Sequenom’s Whole Genome Sequencing: Reckless Prenatal Care

MaterniT GenomeSequenom, the maker of MaterniT21, has announced a further expansion of its testing: MaterniT Genome. This continues the reckless practice of prenatal genetic testing. 

MaterniT Genome

First off: what is MaterniT GENOME? From Sequenom’s website:

MaterniT Genome webpage

Website image from November 1, 2015

So, Sequenom is promising that MaterniT GENOME will return results on even more genetic conditions beyond the major trisomies (21, 18, and 13), sex aneuploidies (e.g. Turner syndrome), and micro-deletions–all of which Sequenom already tests for.

How is this reckless?

cfDNA screening’s current administration

Cell free DNA screening is becoming an increasingly accepted part of prenatal care. While not recommended for all patients, professional medical organizations recognize that the general population of pregnant women are being offered and are increasingly accepting this testing.

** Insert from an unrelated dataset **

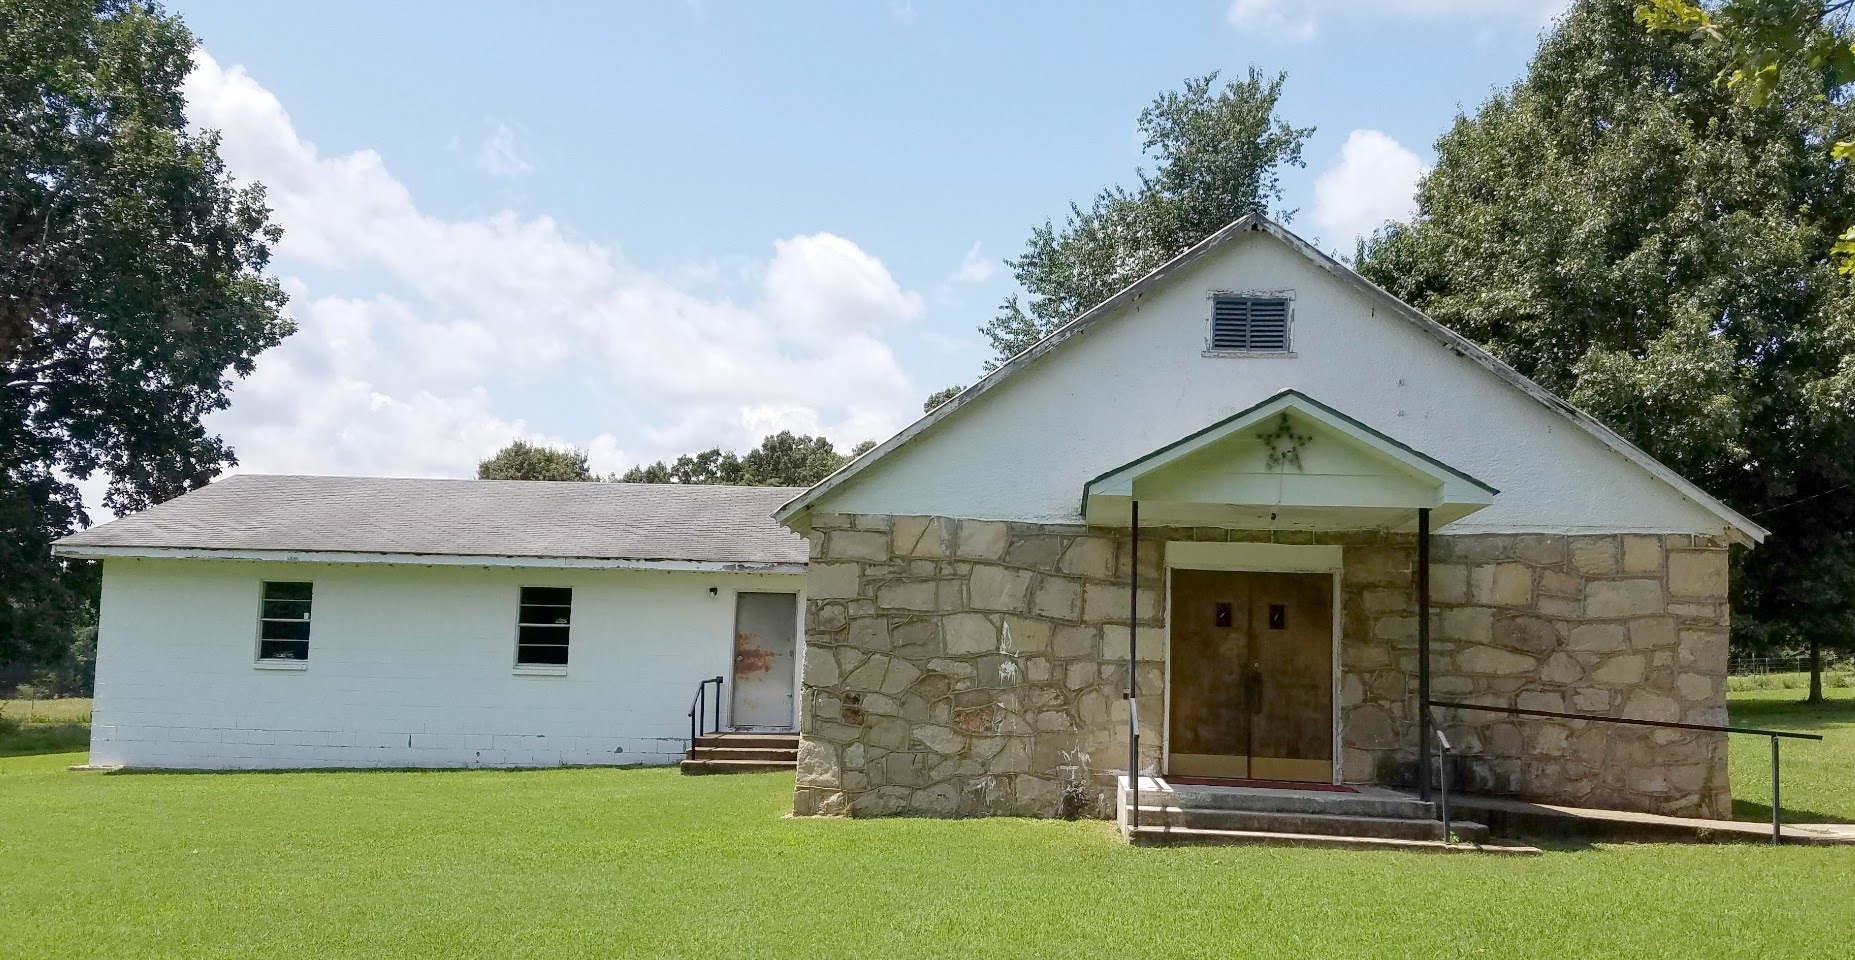 Pilgrims Rest Baptist Church

But what is currently known about the challenges with how cfDNA screening is being done?

cfDNA screening beyond recommended conditions

As just detailed, Sequenom (and other labs) are offering cfDNA screening for sex aneuploidies, microdeletions, and even maternal cancer findings. And cfDNA screening isn’t recognized as reliable for any of these conditions.

In the joint statement by the American College of Obstetricians & Gynecologists and the Society for Maternal Fetal Medicine, cfDNA screening is only recognized as a reliable screen for Trisomy 21 (Down syndrome), Trisomy 18 and 13, and y-based testing to indicate the sex of the fetus. That’s it.

Yet, Sequenom presses ahead with offering ever more conditions not recognized as reliable by professional organizations.

ASBH logo

ASBH logo

Physicians do not understand cfDNA screening

At the 2015 American Society for Bioethics & Humanities conference, key findings were reported on how obstetricians understand cfDNA screening.

In an impressive survey of practicing obstetricians (1,101 completing the survey), troubling findings included these:

  • Over 65% admitted their training on prenatal genetic results was only “a little” or “a moderate amount”;
  • A majority were not comfortable communicating prenatal whole genome screening results (PWGS); and
  • They admitted they lacked the resources for interpreting and communicating PWGS results.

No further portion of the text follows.